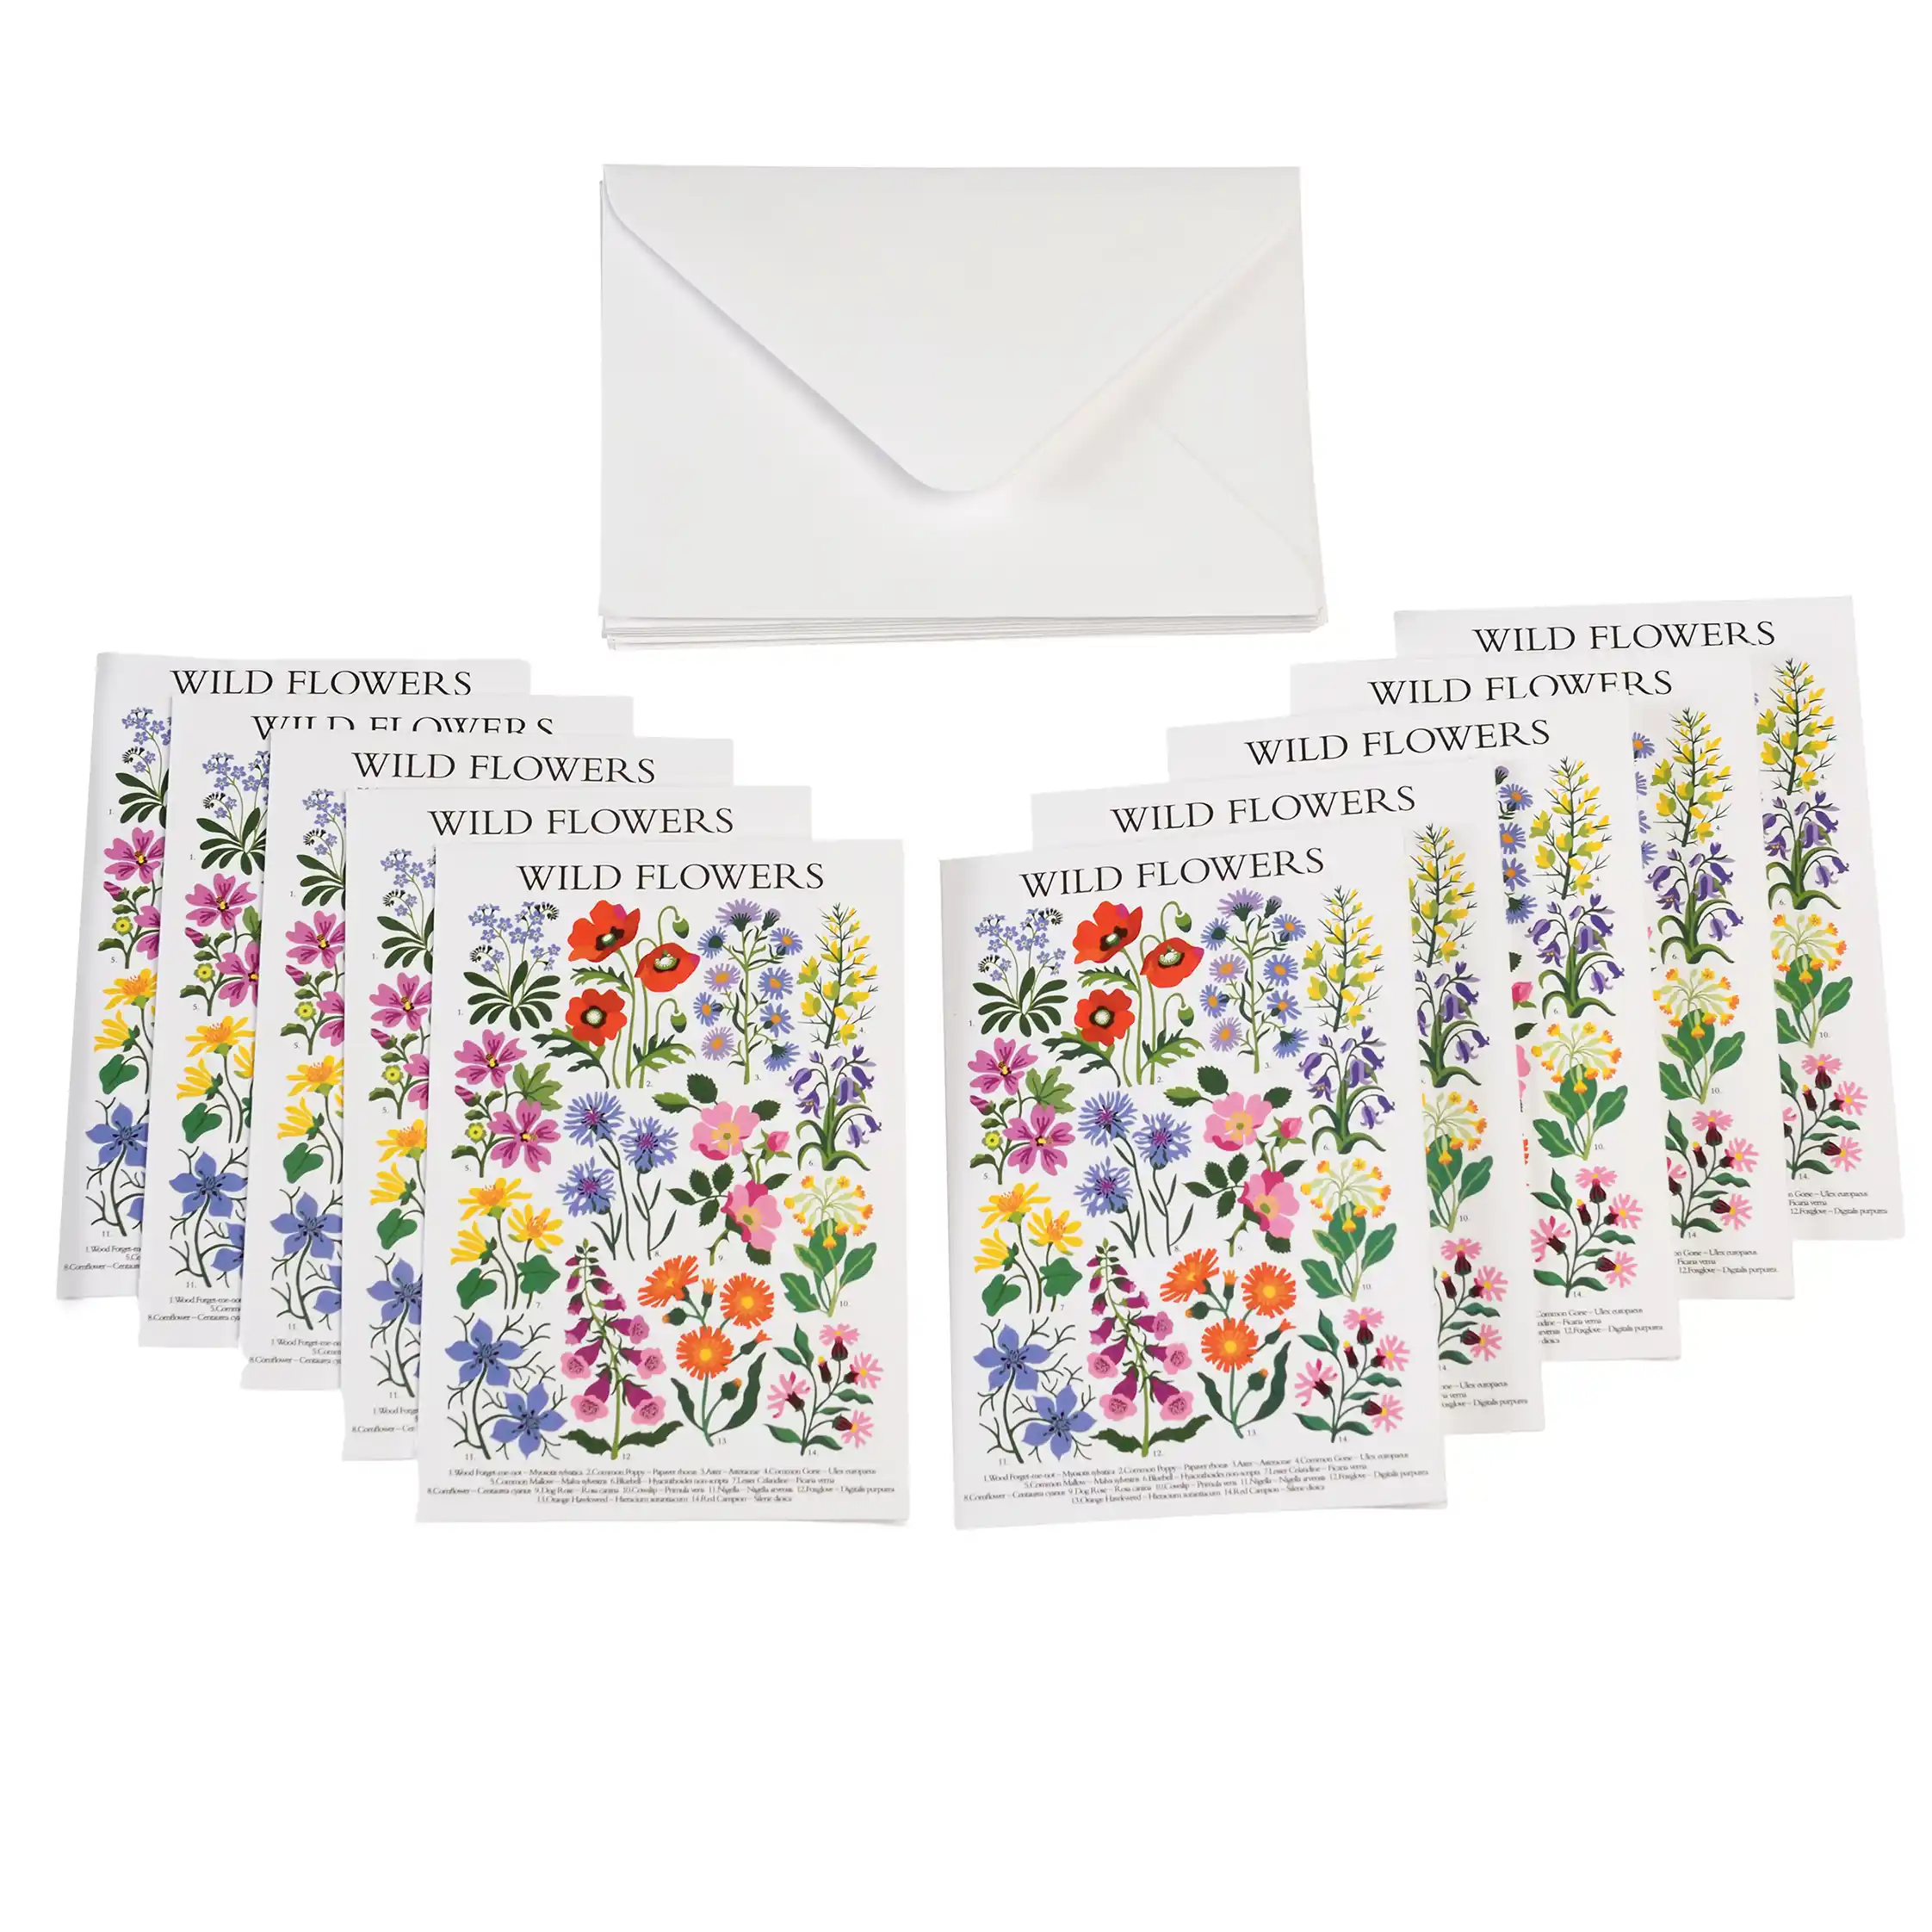 greetings cards (pack of 10) - wild flowers
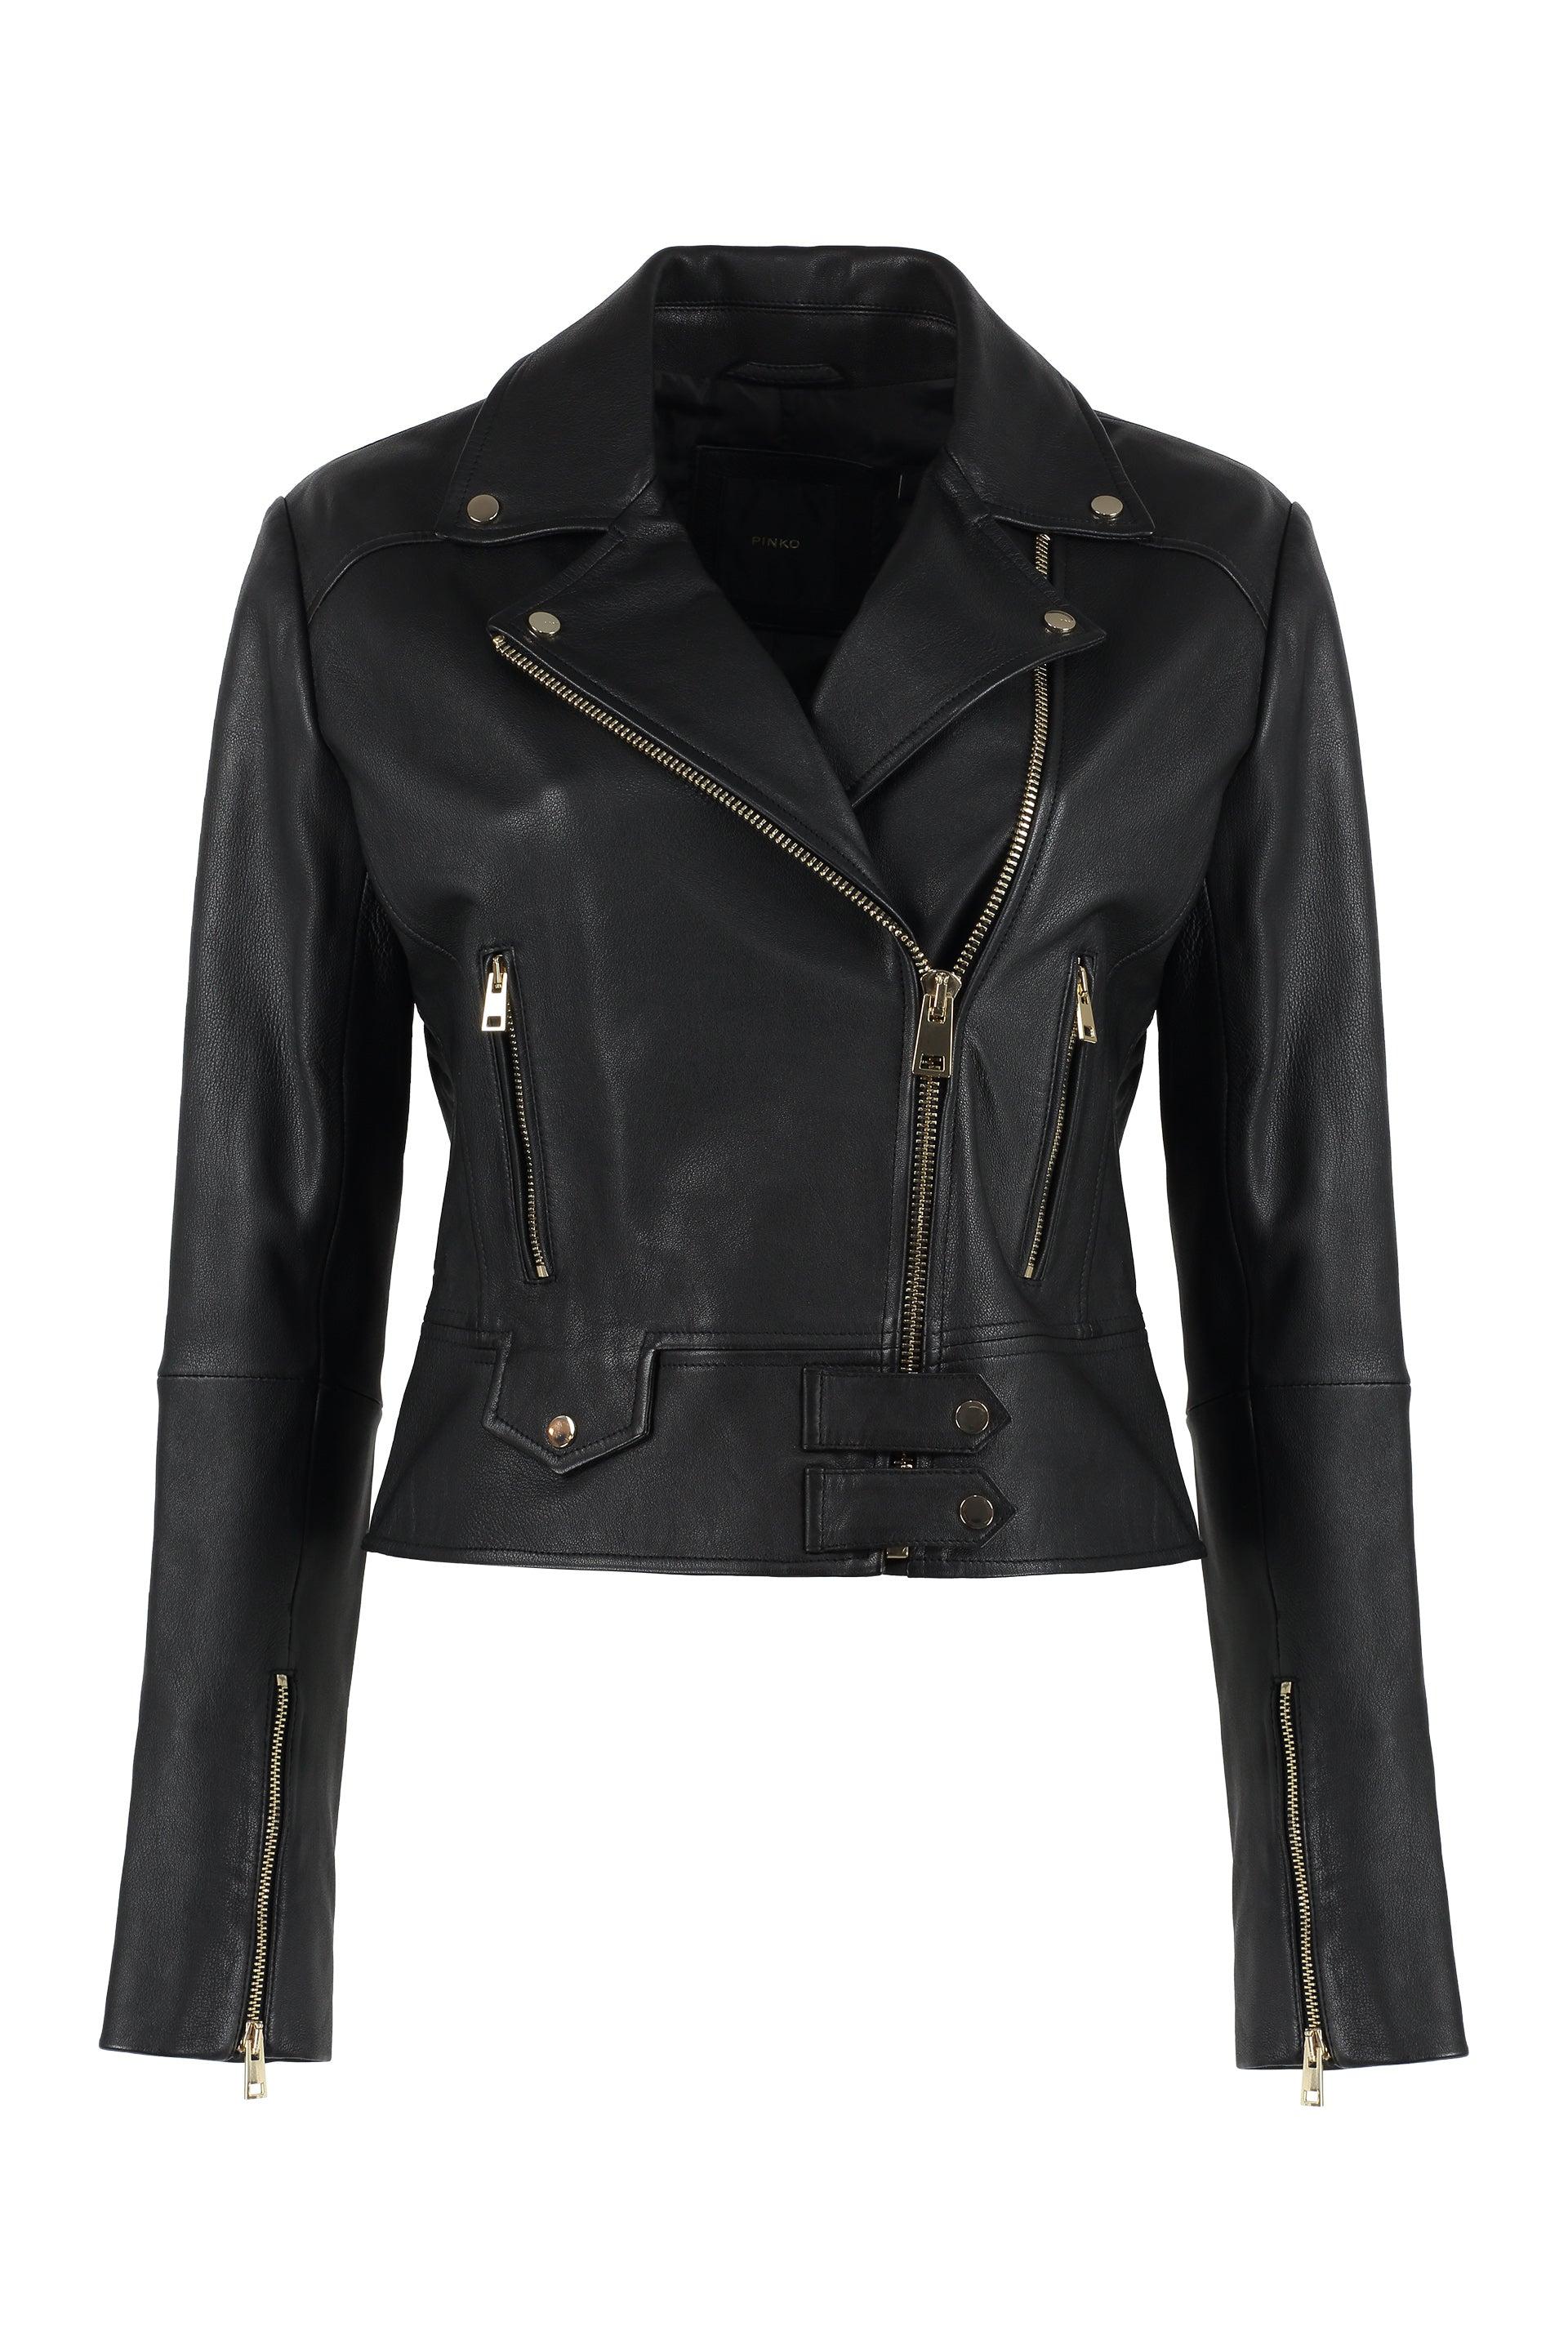 Pinko Sensibile Leather Jacket in Black | Lyst
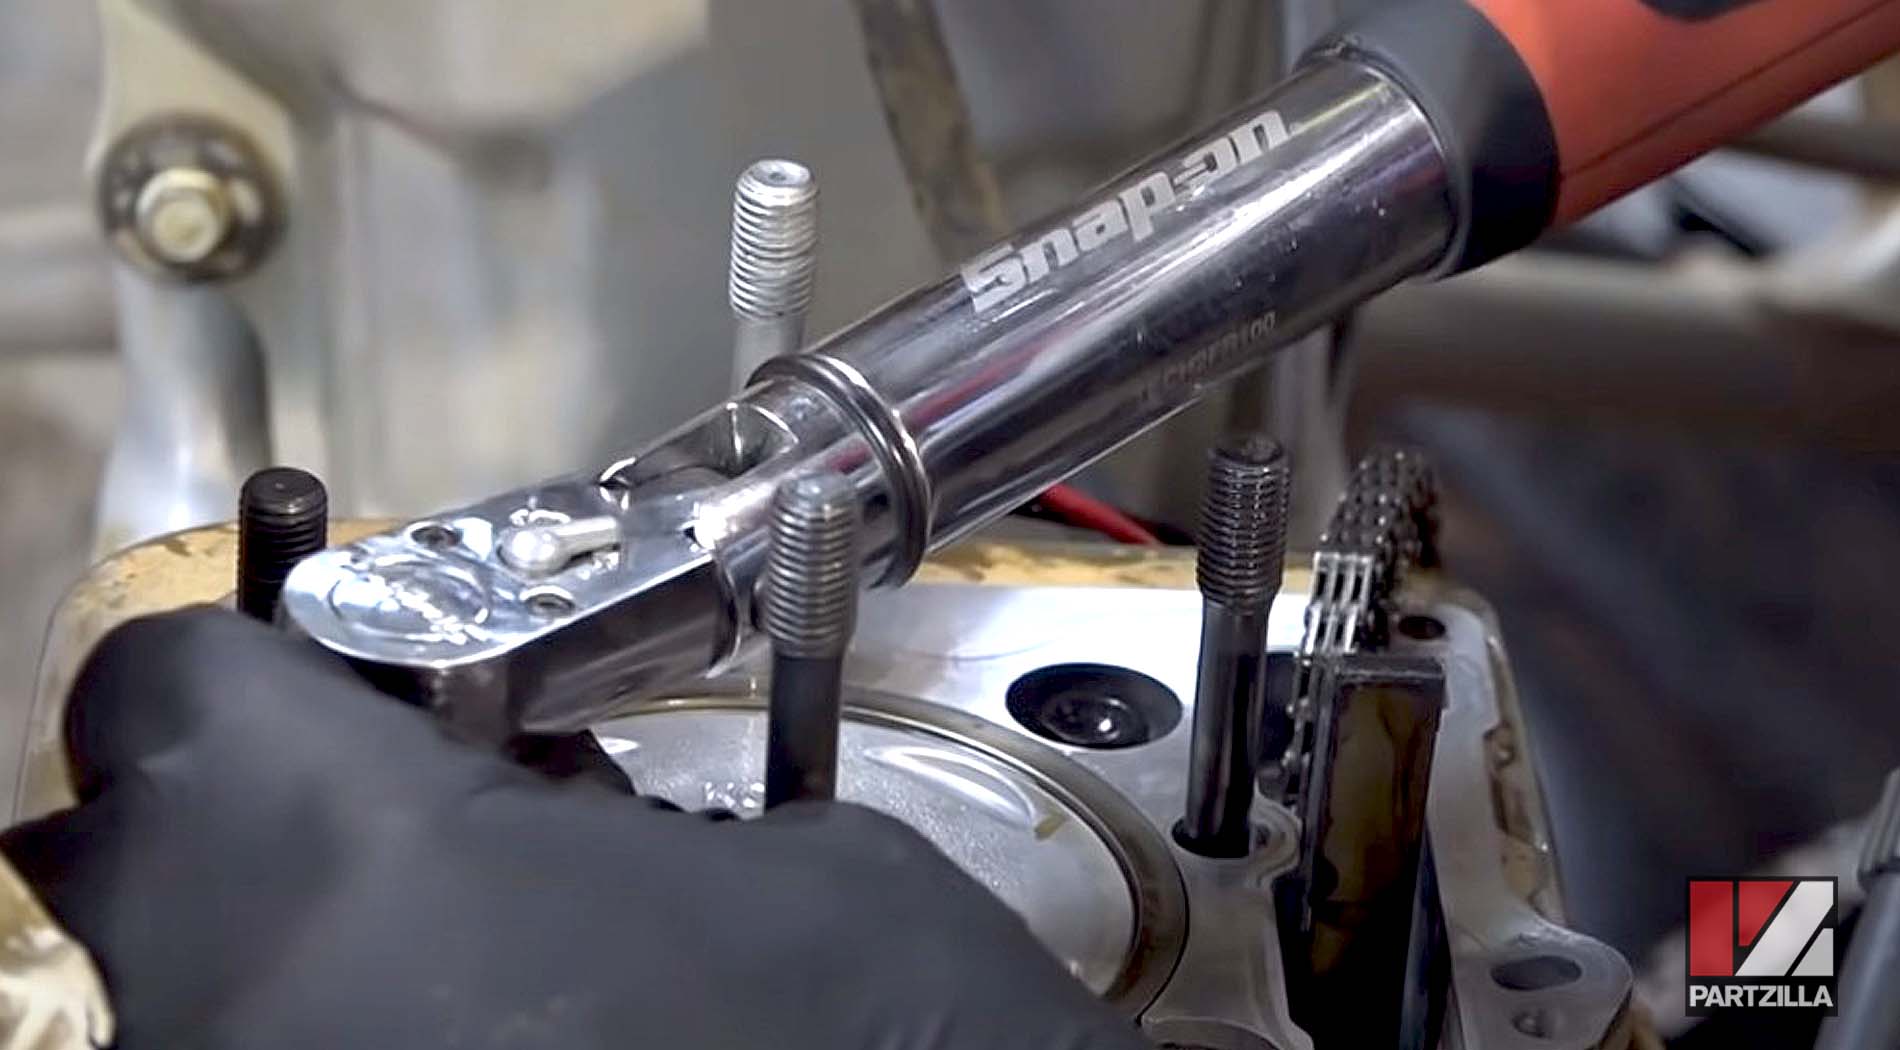 Honda TRX400 engine rebuild cylinder head installation
⁂
» Activity:
The listing above must be restated word for word. Its pictures are to be left out.

» Solution for this exercise:
 greetings cards (pack of 10) - wild flowers
 Pinko Sensibile Leather Jacket in Black | Lyst
 Honda TRX400 engine rebuild cylinder head installation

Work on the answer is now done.